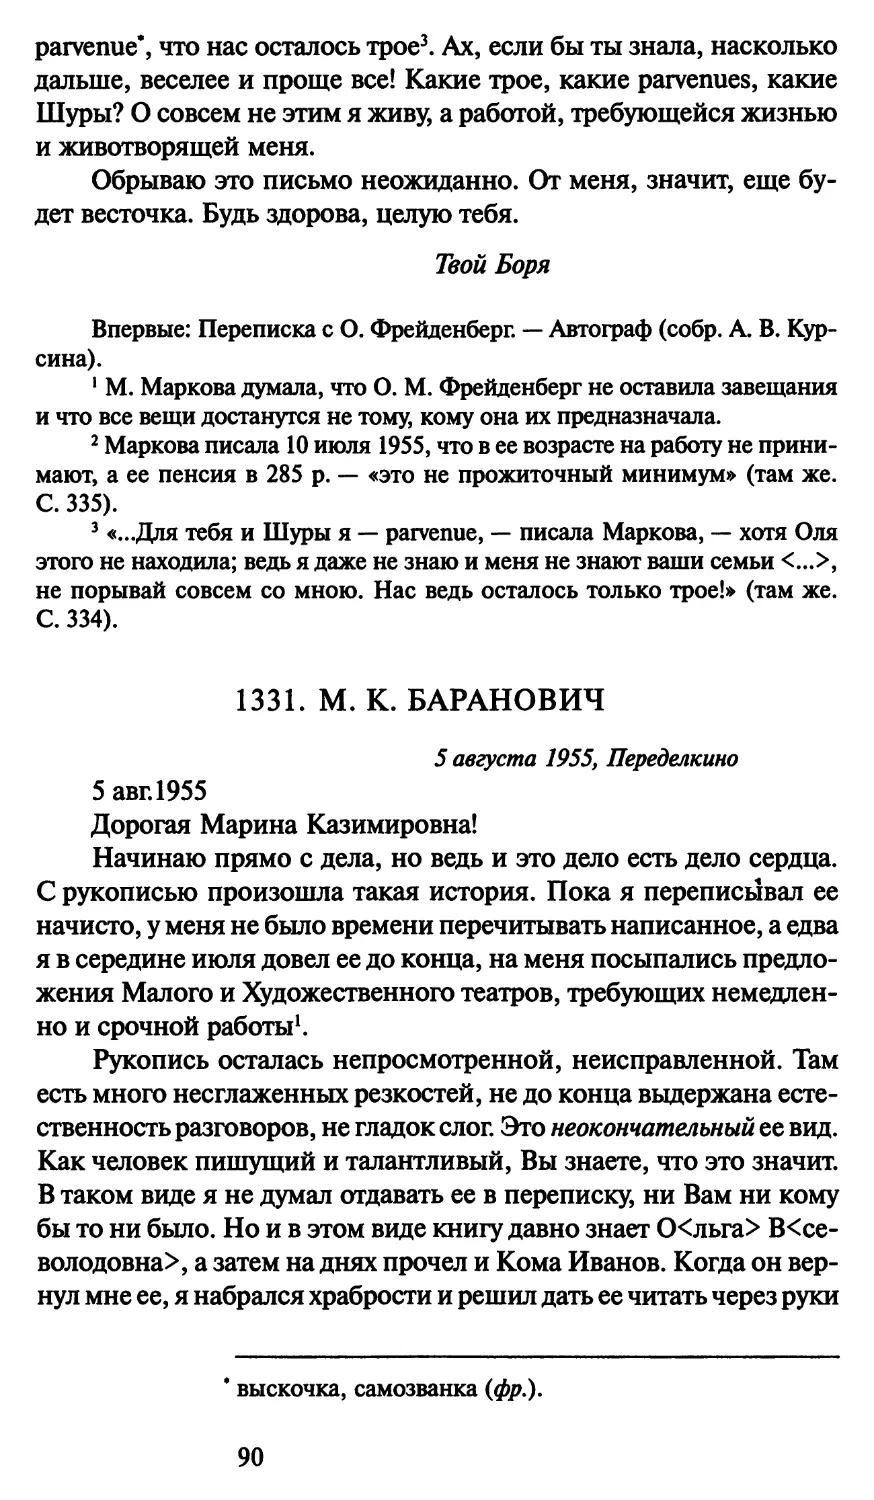 1331. М. К. Баранович 5 августа 1955
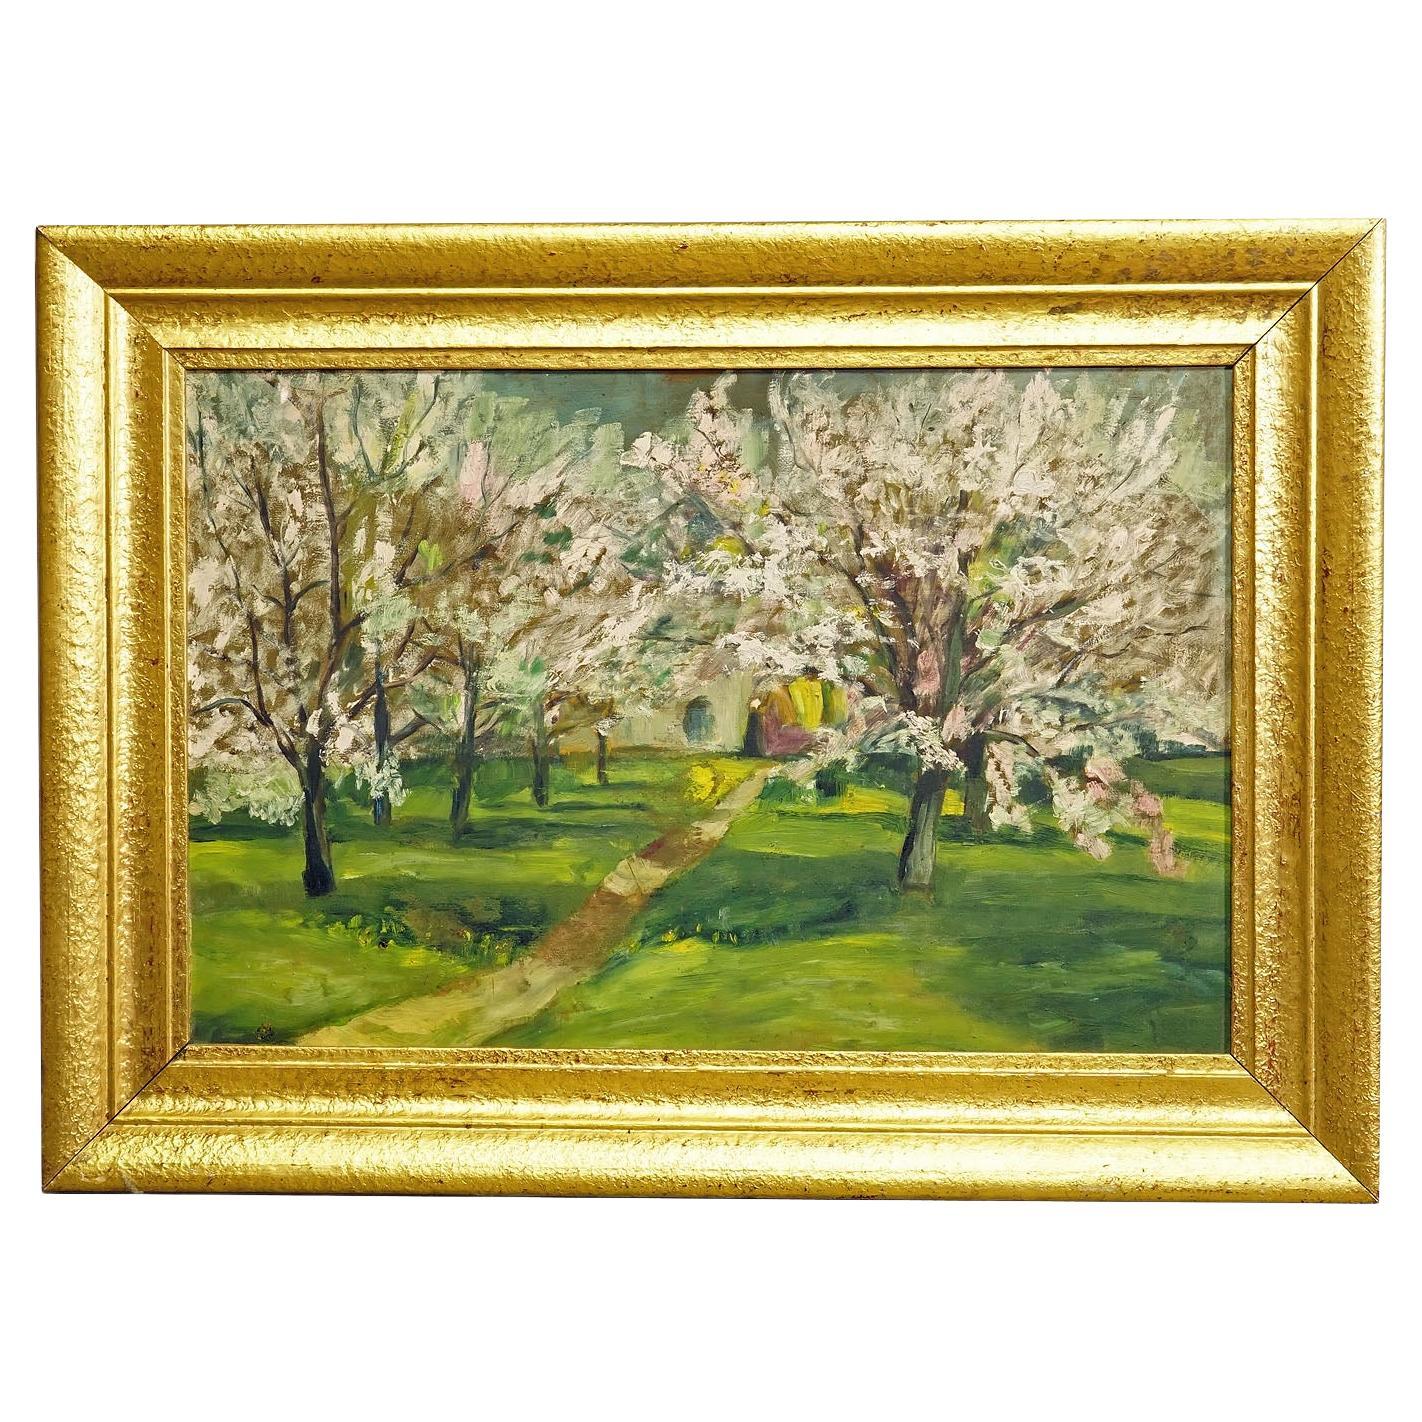 Peinture impressionniste d'un jardin avec des pommiers en fleurs
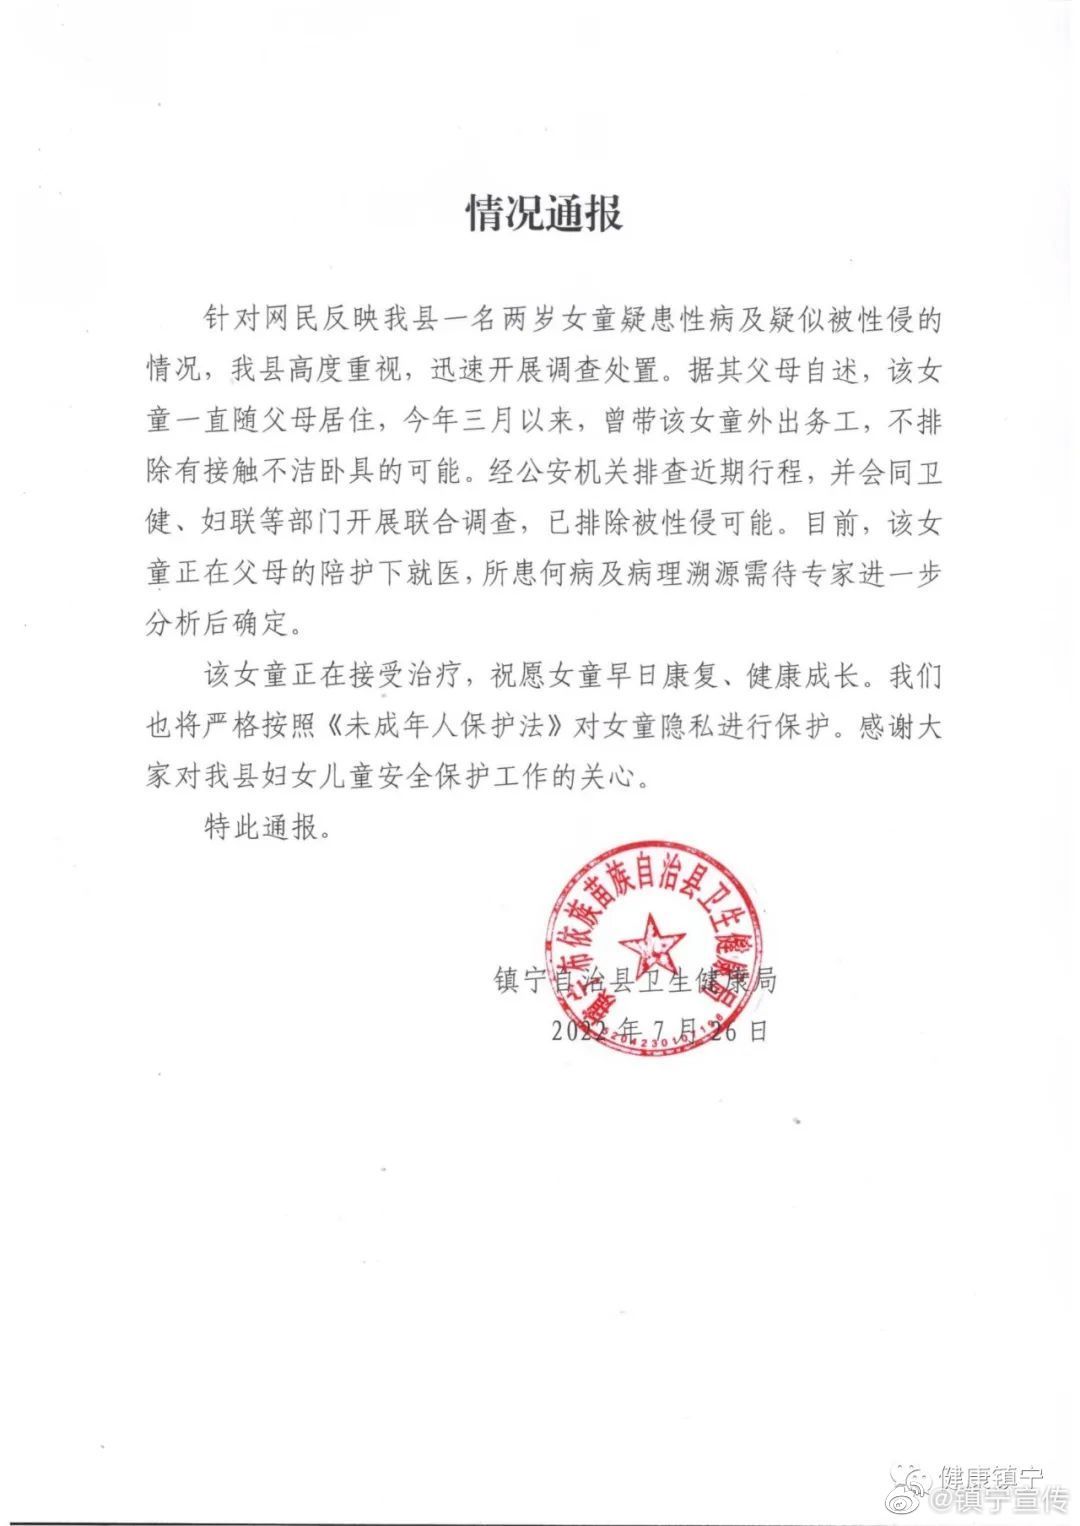 贵州镇宁回应2岁女童疑患性病 官方:排除遭性侵

+ + + + + + +

* _The problem_: Copy each line above exactly, with no images.

* _Result_:
 1331. М. К. Баранович 5 августа 1955
 Peinture impressionniste d'un jardin avec des pommiers en fleurs
 贵州镇宁回应2岁女童疑患性病 官方:排除遭性侵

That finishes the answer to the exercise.